One of the main requirements of the device and interconnect simulation models adopted in our studies was the ability of easily scaling the model parameters to represent speculative smaller feature size processes according to specified scaling scenarios and benchmark circuit target performance, maintaining a direct relation between process parameters and device performance. Moreover, another important requirement was easy calibration and integration within state-of-the-art internal simulation engines. To this purpose, we generated a custom behavioral model for MOS devices based on the BSIM3 models [28]. As a compromise in the model accuracy and ease of scalability, only a subset of all second order effects considered in [28] were included. Moreover, since run-time was not critical, we used analytical expressions, when possible, instead of fitted formulae or series expansions, so as to limit the dependency of the model to only a few physically meaningful process parameters with known scaling properties.

At the core of our model lies the following equation for the channel current in strong inversion:

$$I_{ds} = \frac{W_{eff} \mu_{eff} (V_{gs}, V_{th}) C_{ox} V_{ds} \left( V_{gs} - V_{th} (V_{ds}) - \frac{V_{ds}}{2} \right)}{L_{eff} \left( 1 + \frac{\mu_0 V_{ds}}{2 v_{sat} L_{eff}} \right)}$$

This expression handles carrier velocity saturation [29] via the parenthesized term in the denominator as in [28], and mobility, vertical field and surface scattering dependence via the term  $\mu_{\rm eff}(V_{\rm gs},V_{\rm th})$  as in [30]. For simplicity, the threshold voltage is modeled as  $V_{\rm th}(V_{\rm ds}) = V_{\rm th0} - \sigma V_{\rm ds}$ , where  $\sigma$  is an empirical parameter representing the dependency of Vth on the horizontal field due to more complex effects such as DIBL and channel length modulation.

The model parameters were extracted from available 180nm, 130nm, and 90nm process technologies and calibrated to closely match the performance of a set of simulated benchmark circuits using more detailed in-house simulation models.

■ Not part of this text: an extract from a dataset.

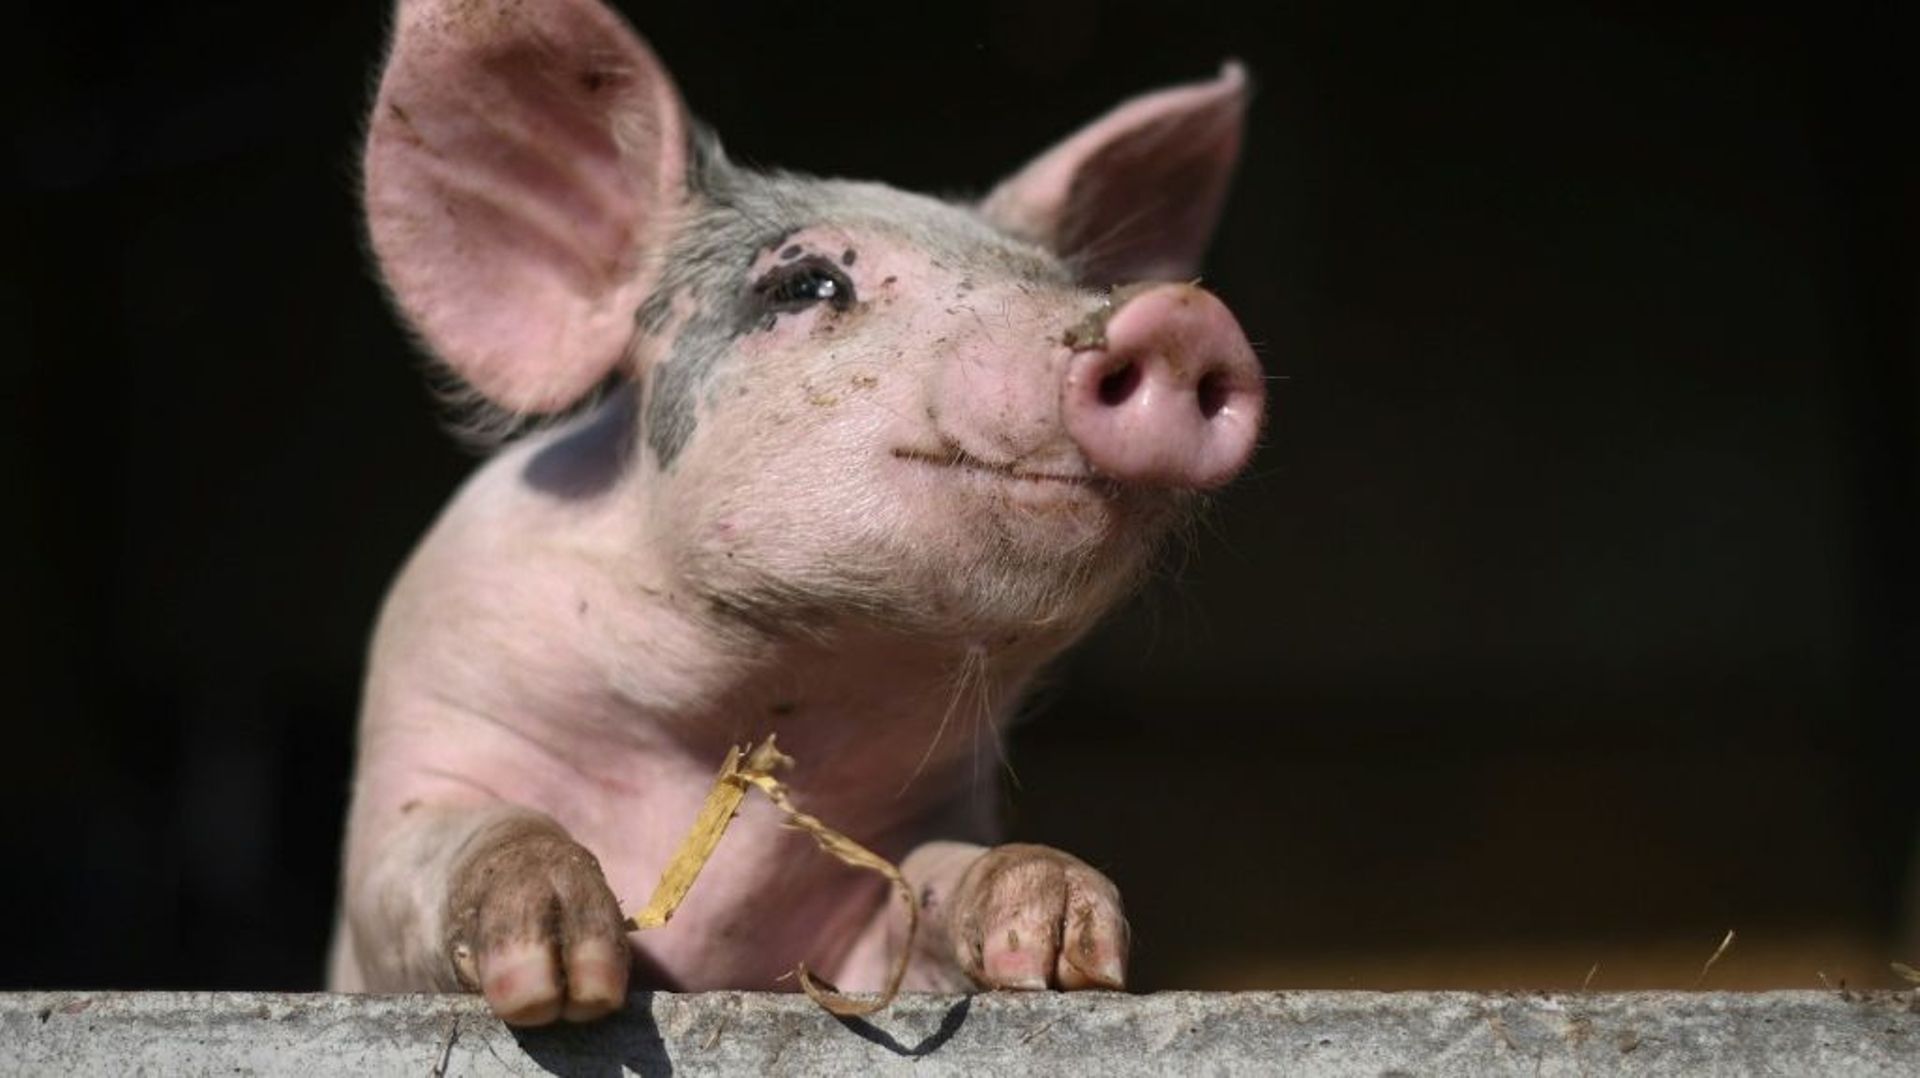 Des chercheurs européens ont mis au point un outil pour décoder les sentiments qu’expriment les cochons dans leurs divers grognements

The scaling trends of the model parameters (including the empirical  $\sigma$ ) were computed using these calibration results and used to produce new sets of parameters for speculative process technologies nodes at 65nm, 45nm and 32nm, each one featuring devices approximately 30% faster than the ones of the previous node. The device models were than integrated into a state-of-the-art in-house simulation engine and used in the scaling studies described in this paper.